Journal articles
Connectivity and morphology
Connectivity and morphology refining urban density by taking X-Ray the City! as a historical review
Jun 8, 2016
His critical recognition was that the population as a whole is the foremost consideration in urban planning, and therefore he focused his urban research on population density and its distribution — in a more demographic perspective. In X-ray the City! he indicated that misconceptions drawn from an insufficiently critical appraisal of statistical data had been extensively applied. The 'urban decay' issue was demonstrated as clear example of the misuse of facts (as ‘data’).
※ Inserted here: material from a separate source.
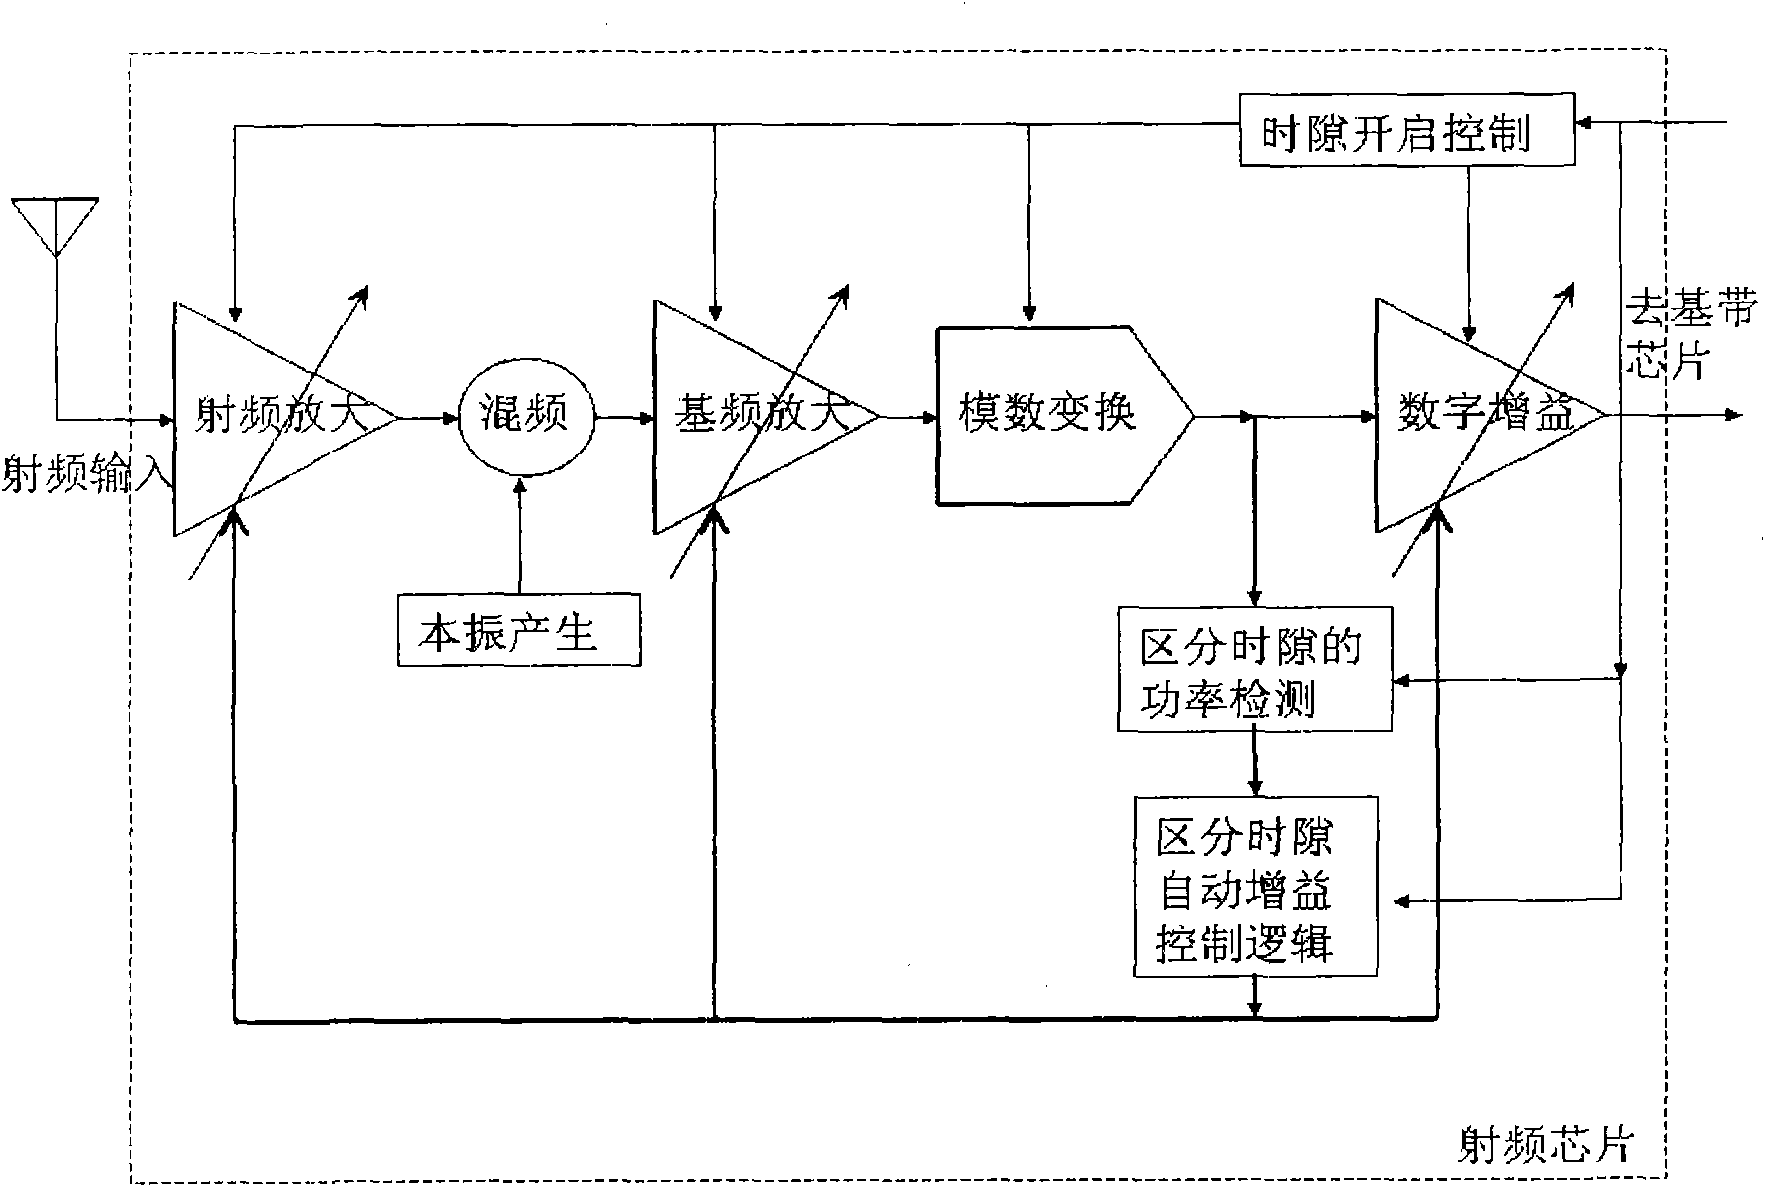 Automatic gain control (AGC) method of radio frequency loop of TD-SCDMA (Time Division-Synchronization Code Division Multiple Access) terminal

The emergence of the Internet and ‘big data’ affords architects and urban designers with the opportunity to access and analyse information with a complexity at an order of speed and depth such that those of the 1940s could not have conceived as being possible. Nevertheless, the unprecedented data-bombardment that we face today may confuse us or worse and, in particular cases, even make things more difficult to read. Web applications such as Mapbox, CartoDB and MapZen are readily accessible to people even with limited mapping experience, who can directly download urban meta-data and create visual analyses based on it. It therefore becomes especially important today for digital tool users to understand not only how to manipulate software but also grasp the intrinsic meaning of data flow; how to interpret data and how data can be used to inform today with a profunditythat Fooks was able to presume instinctively, whereas there is an accessibility today that borders on the democratic.